Vente d’héritages situés au terroir de Pluduno, faite le vingt uniesme de mai de l’an mile cinq cent soixante-quatre par demoiselle Anne Chappin, femme de noble homs Olivier Lesquen, demeurant dans la paroisse de Saint Lormel, à Giles Chappin, écuyer, sieur de Saint Layal et du Boisrieu. Cet acte signé Le Bey.

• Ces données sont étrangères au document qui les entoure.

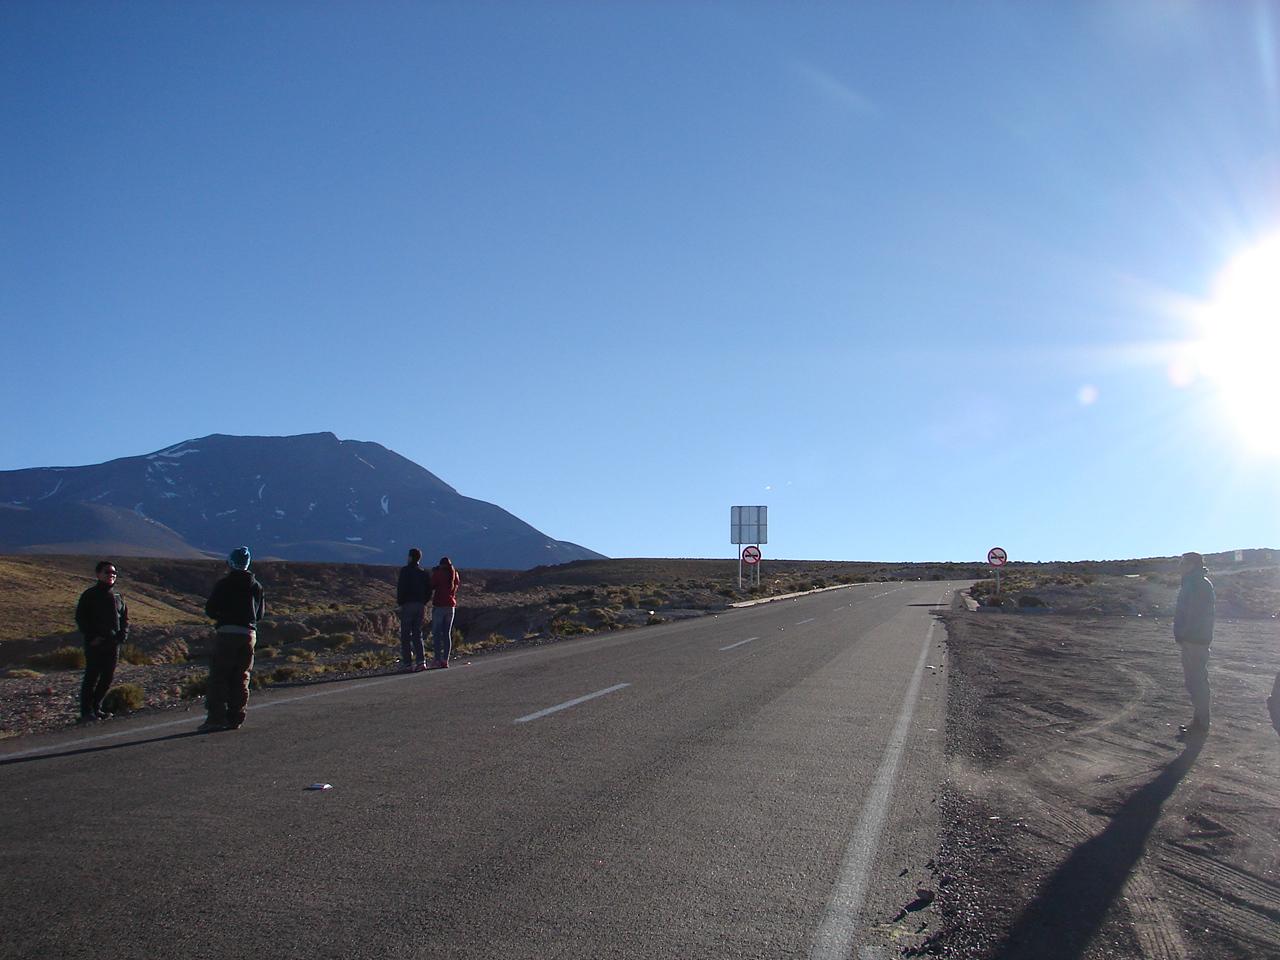 Pit stop na estrada para fotos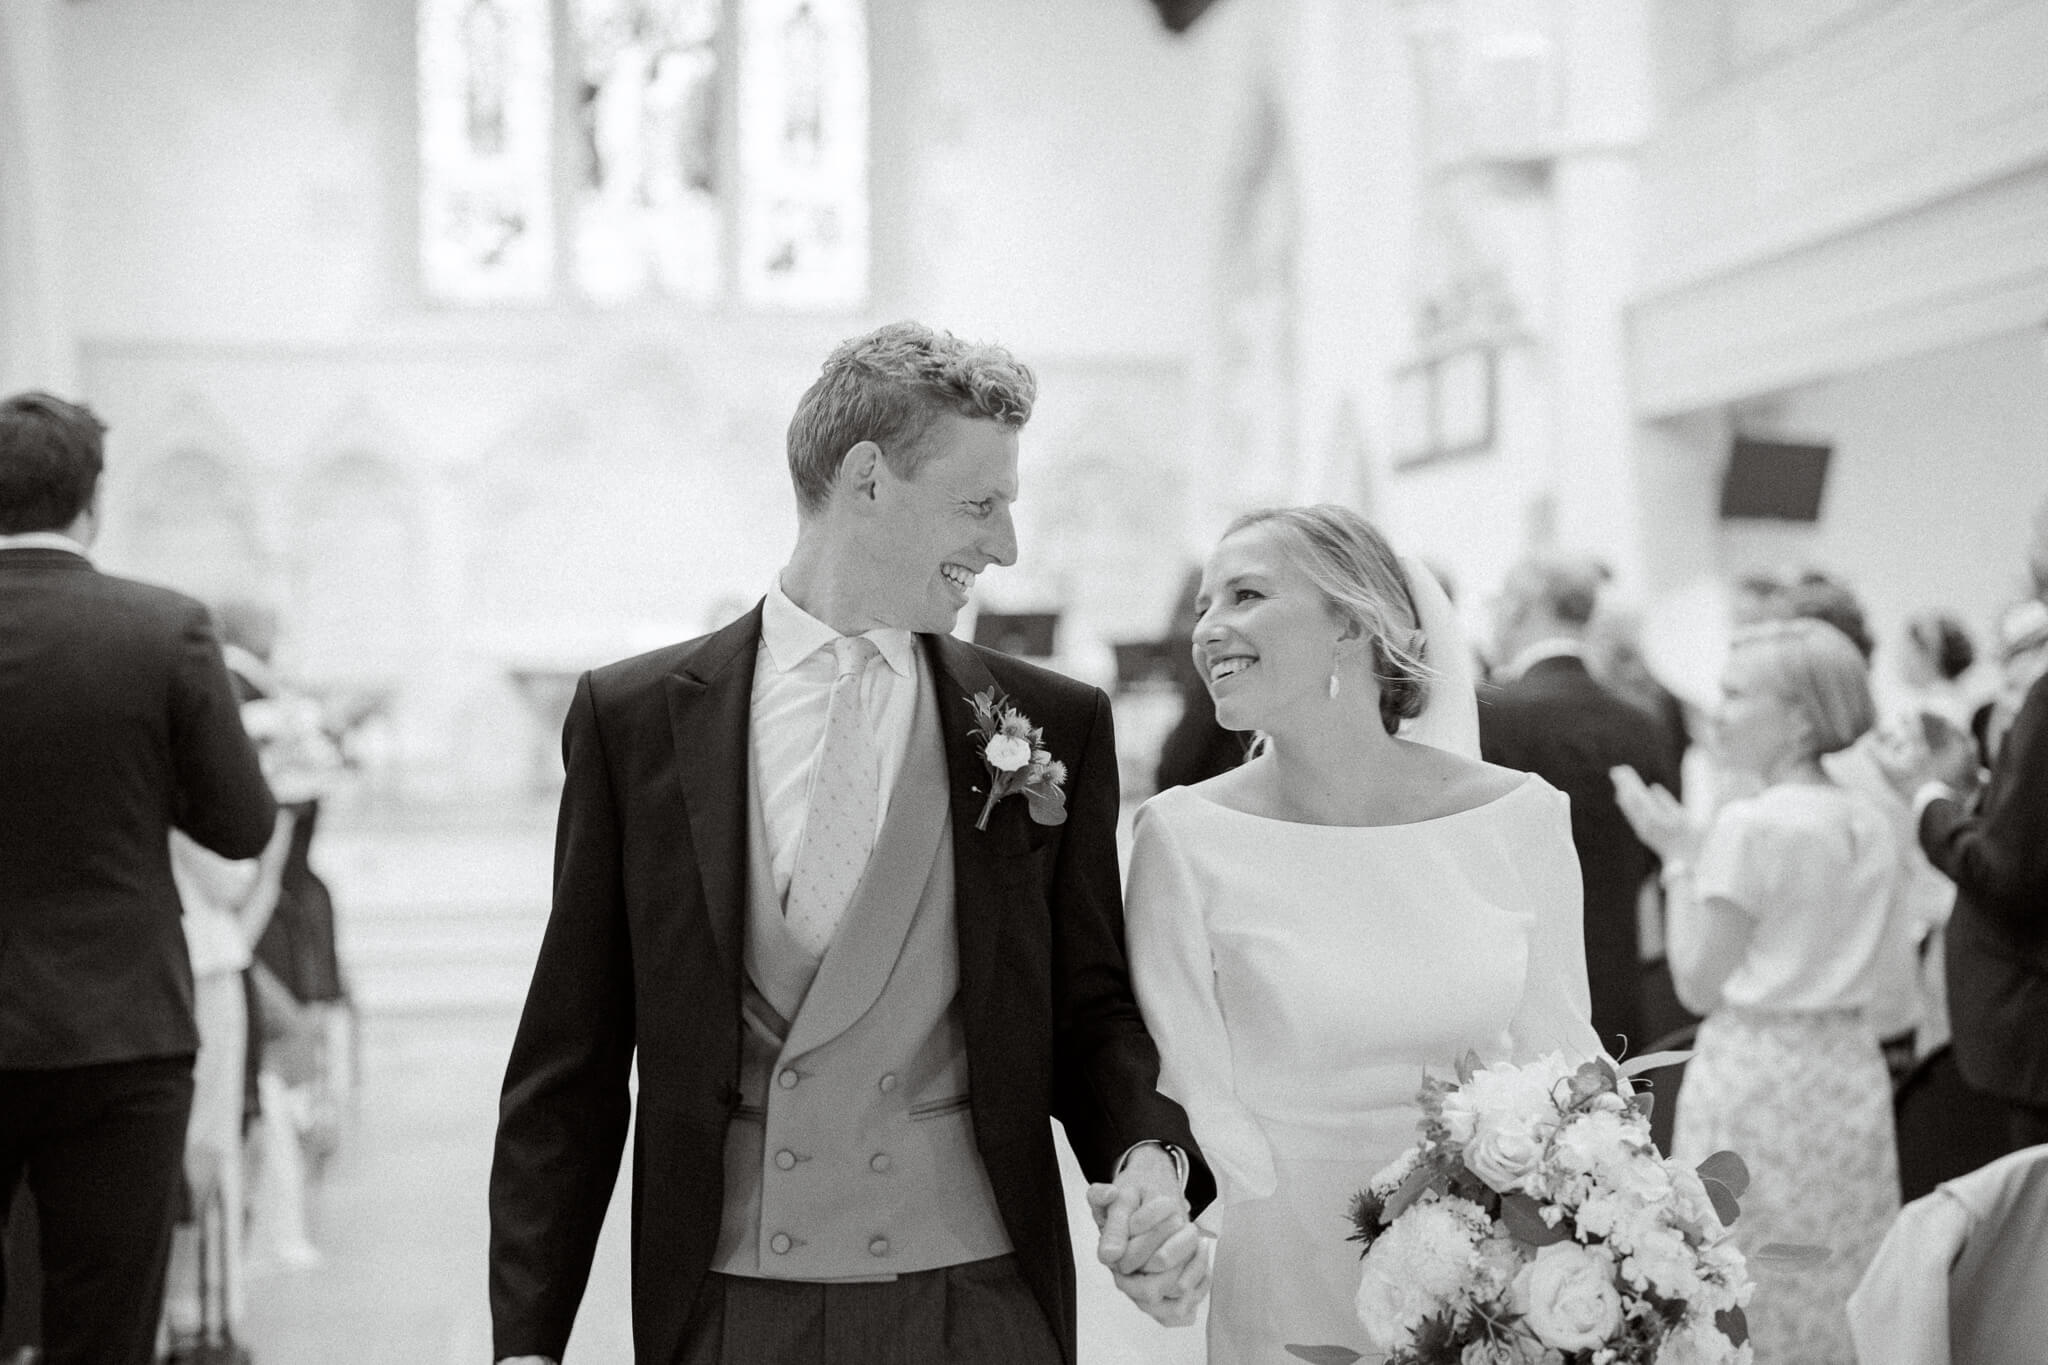 St Ebbs church wedding photography with couple

Aveu d’héritages situés au lieu de Champ Glain et mouvans noblement de nobles homs Claude de Montbourcher, chevalier, seigneur de Largentais, donné audit sieur de Montbourcher le vingt huitiesme d’avril de l’an mile cinq cens quarante-cinq par noble homme Olivier Lesquen, comme fils ainé et héritier principal et noble de feus noble homme Thomas Lesquen et noble demoiselle Jeanne de Bréhant, sa femme. Cet acte reçu par Le Boulanger et Le Fèvre, notaires des cours de Plancoet et de Largentais etc.

 

Nous, Louis-Pierre d’Hozier, juge d’armes de France, chevalier de l’Ordre du roi, son conseiller maistre ordinaire en sa chambre des comptes à Paris, conseiller d’honneur en l’hostel de ville et généalogiste de la Maison et des Écuries de Sa Majesté et de celles de la reine,

Certifions au Roi et à Son Altesse Monseigneur le prince Charles de Lorraine, Grand Écuyer de France, que Constance-François-René Lesquen de Largentais a la noblesse nécessaire pour estre admis au nombre des pages que Sa Majesté fait élever dans sa Grande Écurie, comme il en est justifié par les actes qui sont énoncés dans cette preuve, laquelle nous avons vérifiée et dressée à Paris le jeudi treiziesme jour du mois de mai de l’an mile sept cens vingt-neuf.